■ Data section
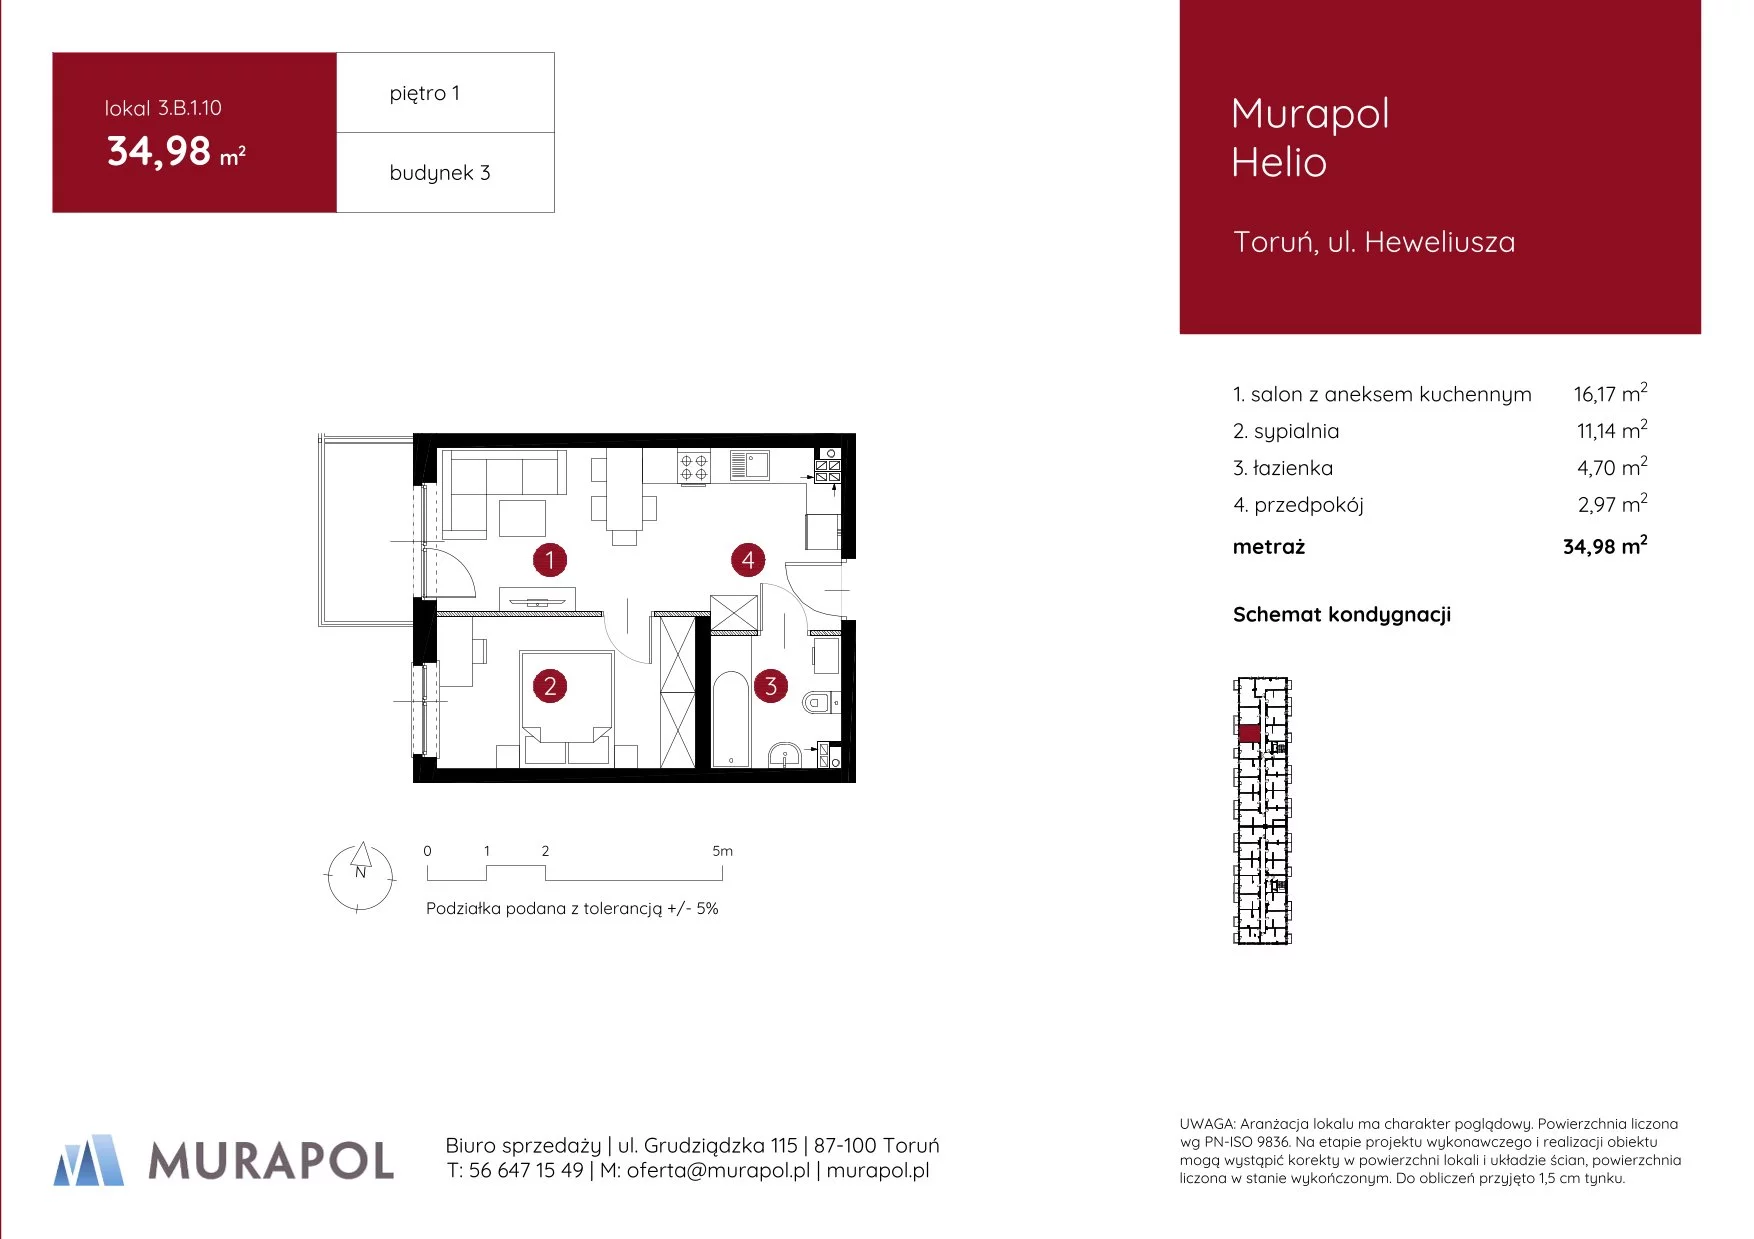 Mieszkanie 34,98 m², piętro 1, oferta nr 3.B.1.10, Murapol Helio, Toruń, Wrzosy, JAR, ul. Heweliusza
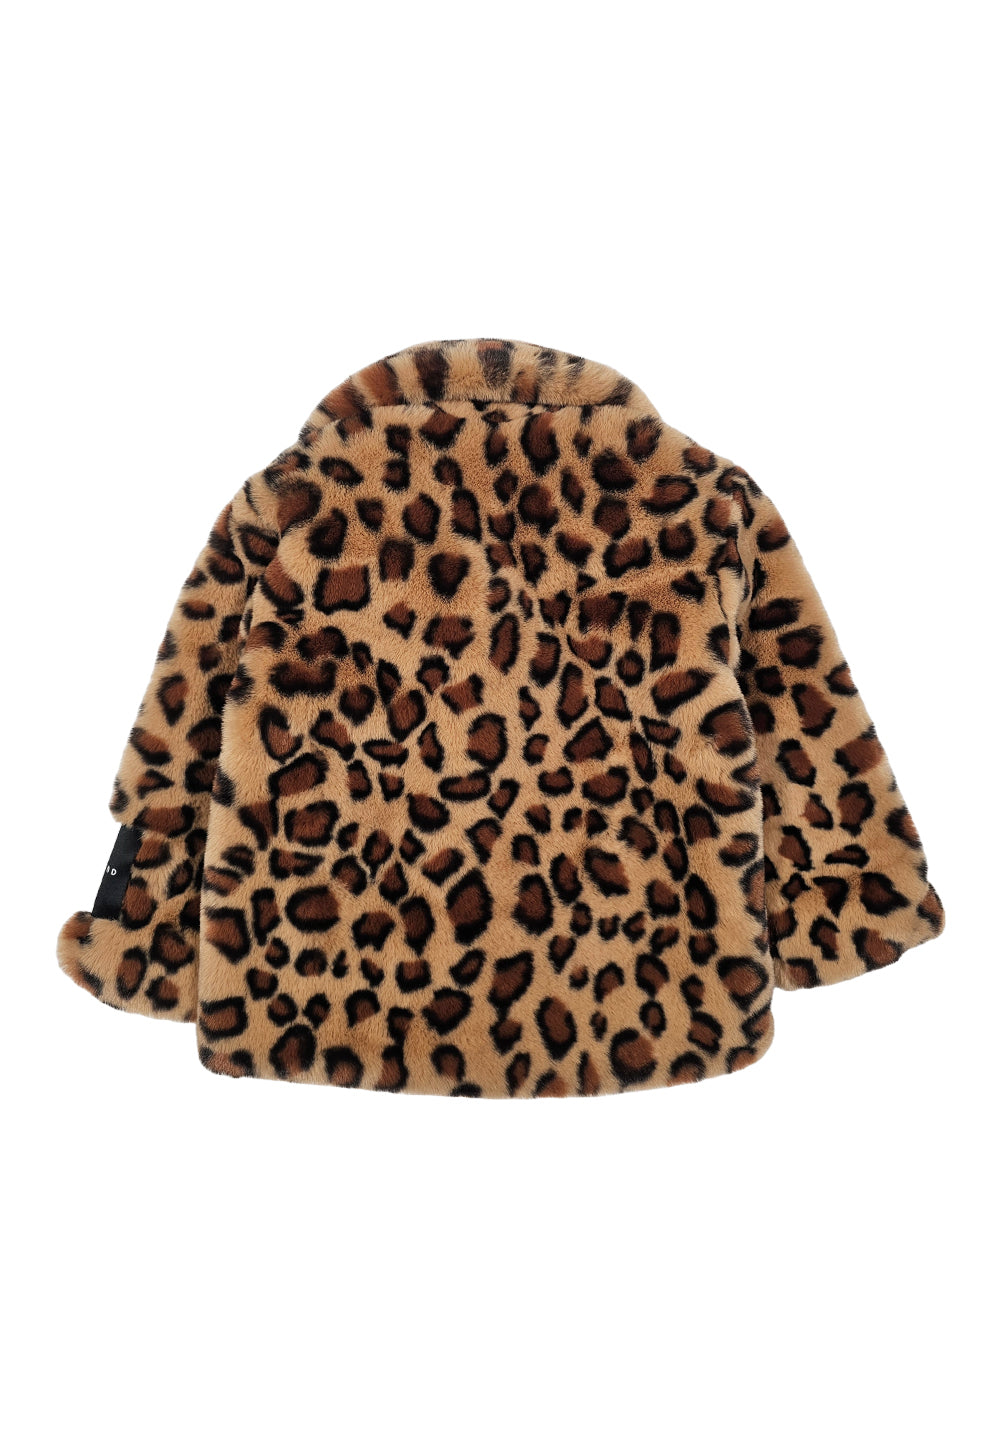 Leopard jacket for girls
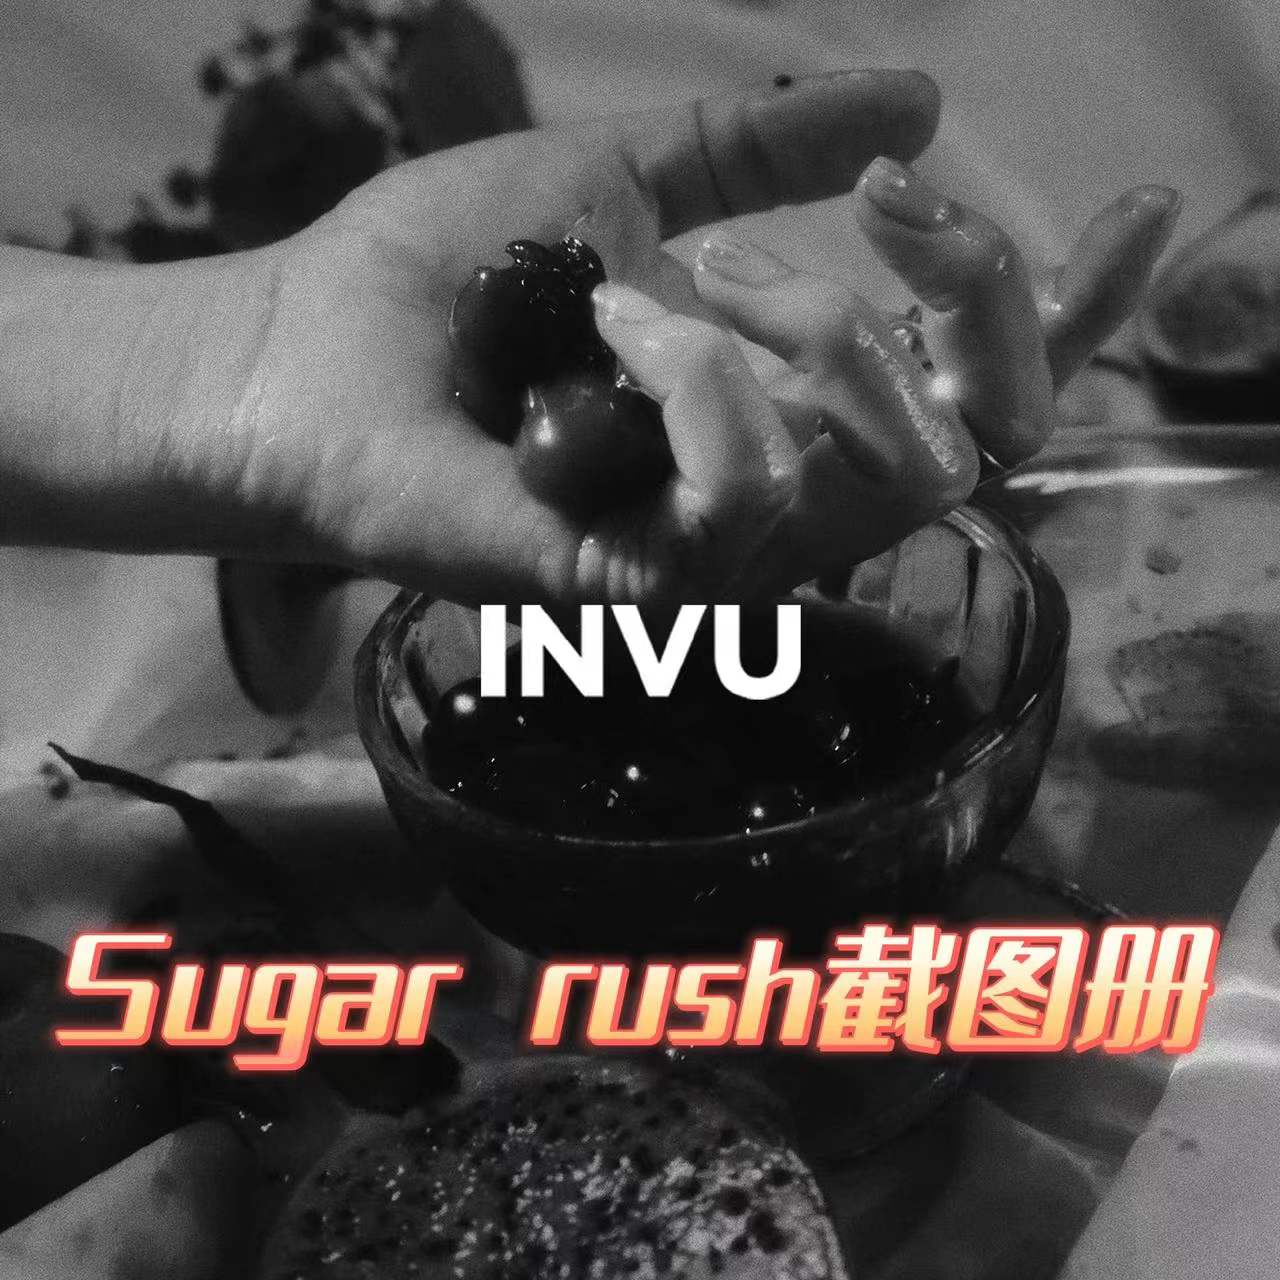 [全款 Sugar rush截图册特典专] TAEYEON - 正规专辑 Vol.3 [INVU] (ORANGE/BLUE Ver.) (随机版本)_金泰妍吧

■ Exercise description
Having located the line with "Leopard jacket for girls", transcribe exactly and only the lines from it to the final line of the material, skipping the pictures.

■ Your response
 Leopard jacket for girls
 [全款 Sugar rush截图册特典专] TAEYEON - 正规专辑 Vol.3 [INVU] (ORANGE/BLUE Ver.) (随机版本)_金泰妍吧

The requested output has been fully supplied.